Меньше двух десятков минут радостной скачки отделяло нас от обеденного привала, на который мы устроились на первом встреченном нам месте, обустроенном всё так же чуть в стороне от дороги, у корней высоченного дерева с родничком поблизости. Но были и отличия: каменный круг кострища был пошире, а рядом корни выпирали из земли неполным квадратом из трёх длинных подобий лавок шириной в добрый метр.
«О! Повышение комфорта! – думал я, снимая сумки с Мрры и рассёдлывая её, – Теперь понятно: раньше была зона влияния наверняка насквозь военизированного кла… э-э-э… Древа! Небось всё у них строго по вычурно́му Уставу светлоухих погранцов, каждый дуб на своём месте, а всяк спелый жёлудь учитывается и приходуется каким-нибудь каптенармусом Модестиэлем лично, после же к разбазариванию строго запрещается!»
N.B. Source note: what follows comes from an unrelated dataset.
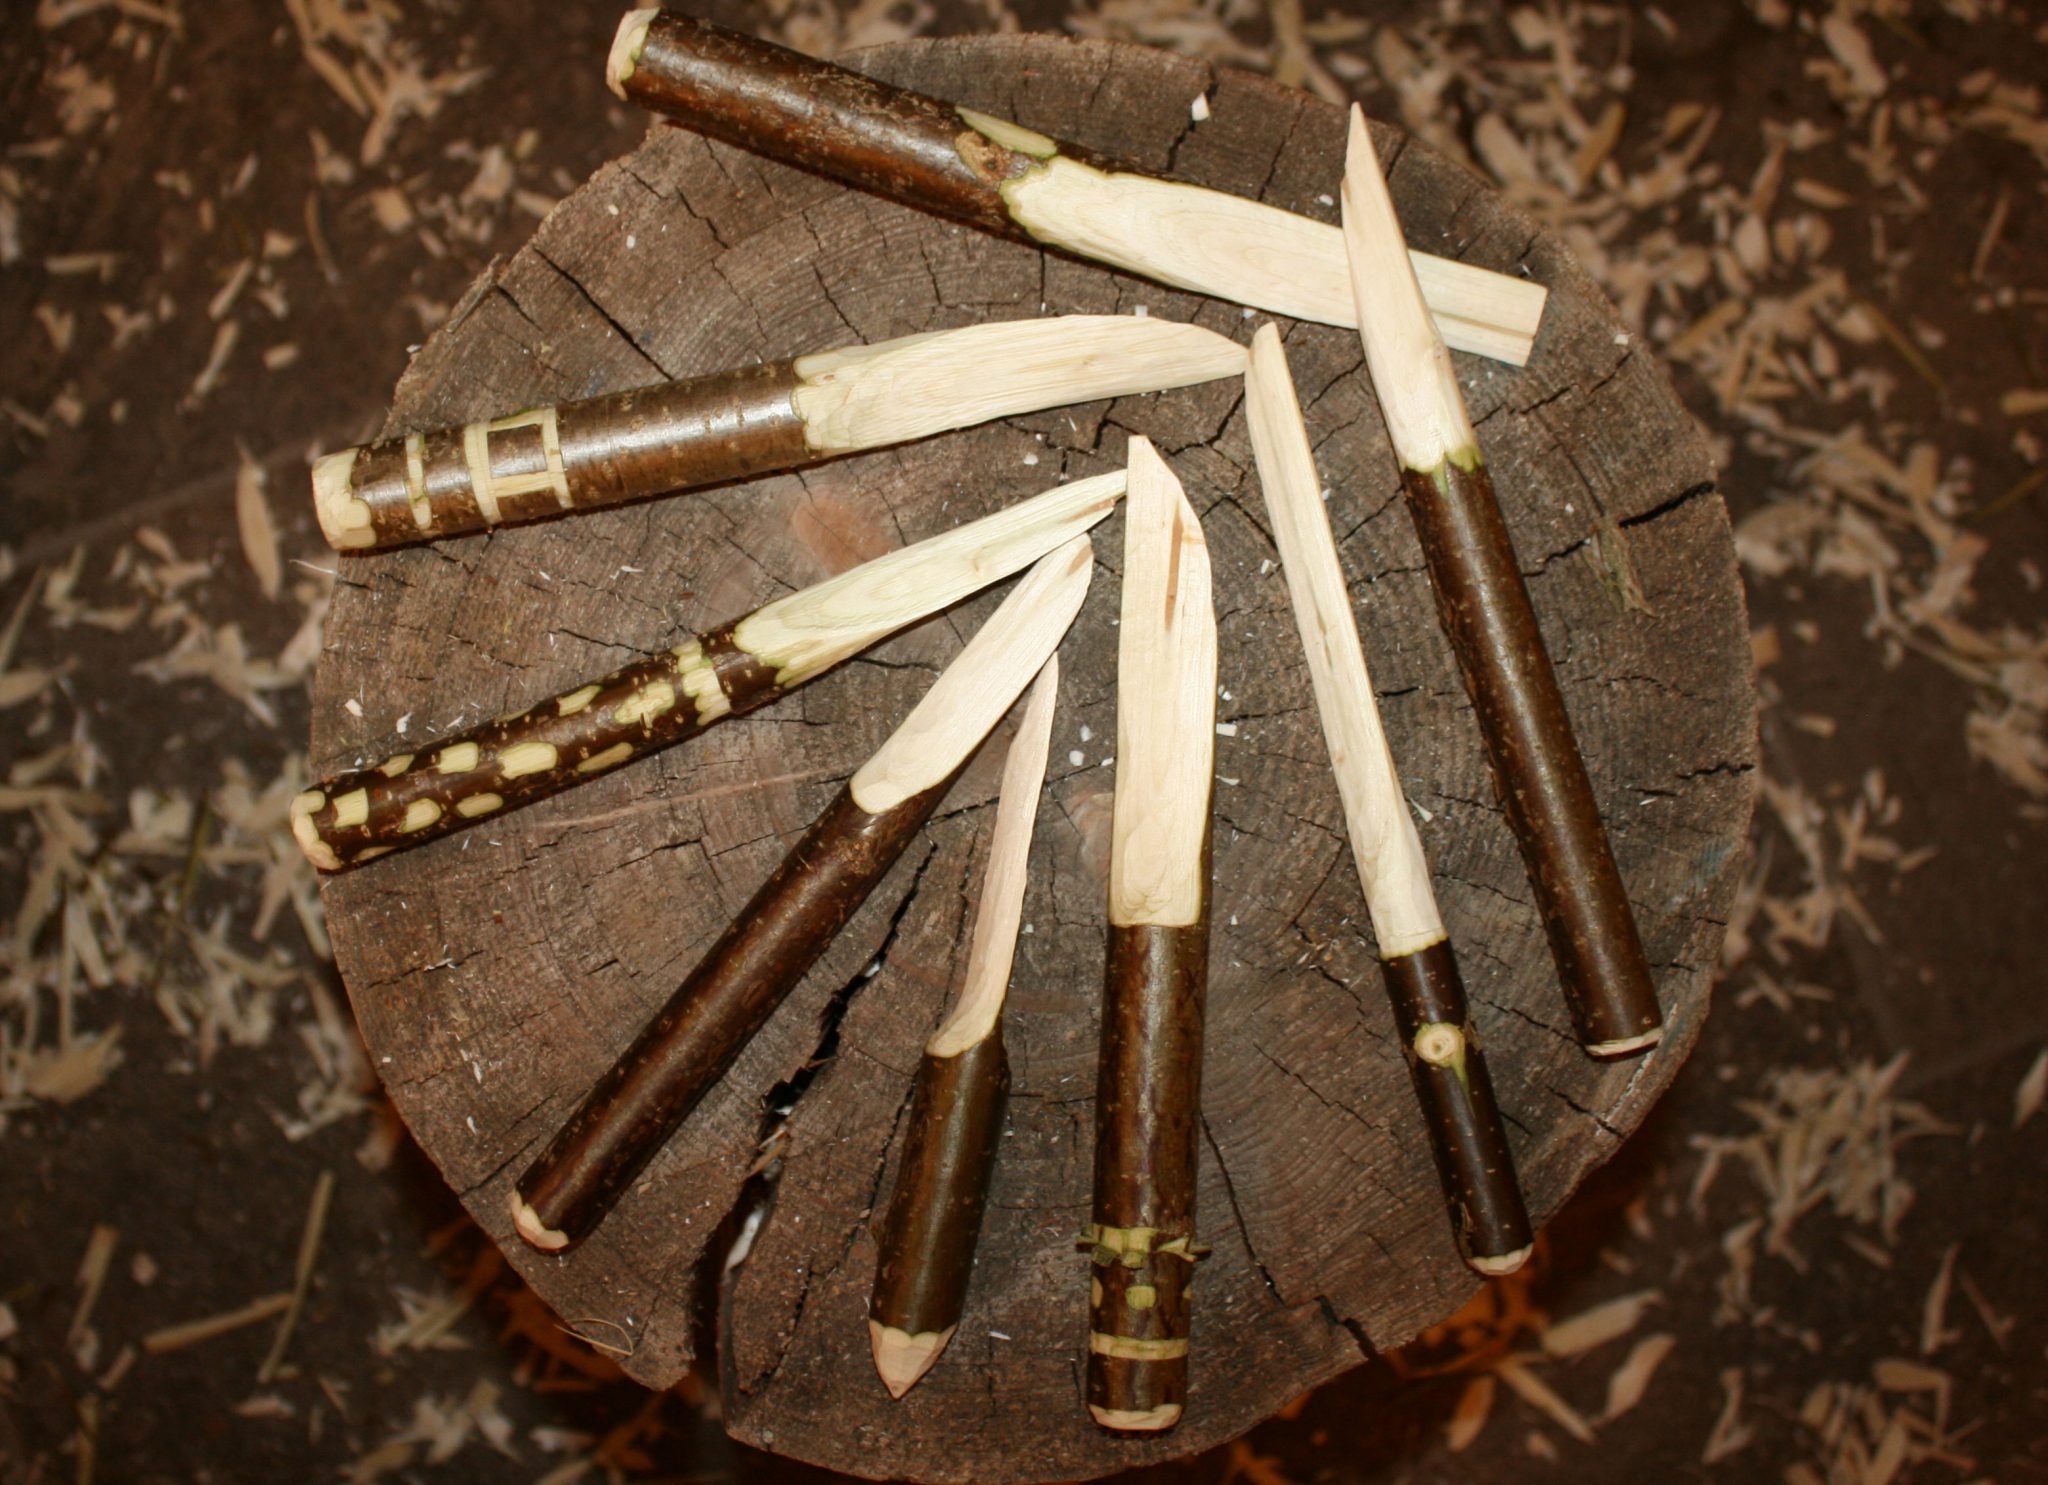 Selbstgeschnitzte Messer aus Holz, die in einem Kreis angeordnet sind.

Не преминув поделиться к друзьями последней мыслью и выслушав их ответный хохот, я и моя кошка отошли к ручейку, вившемуся от источника по правую руку от стоянки. Мрра напилась и лениво отошла в совсем густую тень, а я, умывшись, вновь задумался: «А чего это мы раньше не удосужились поинтересоваться подробностями нашего пути: административным делением там, особенностями локаций, что будут на пути, и прочим всяким? Едем такие, удивляемся, что нет никого и местности как под копирку! Конечно! Как иначе-то? Надо, что ли, карту ещё раз внимательнее глянуть, вдруг там чего умного написали, а не только красивое нарисовали».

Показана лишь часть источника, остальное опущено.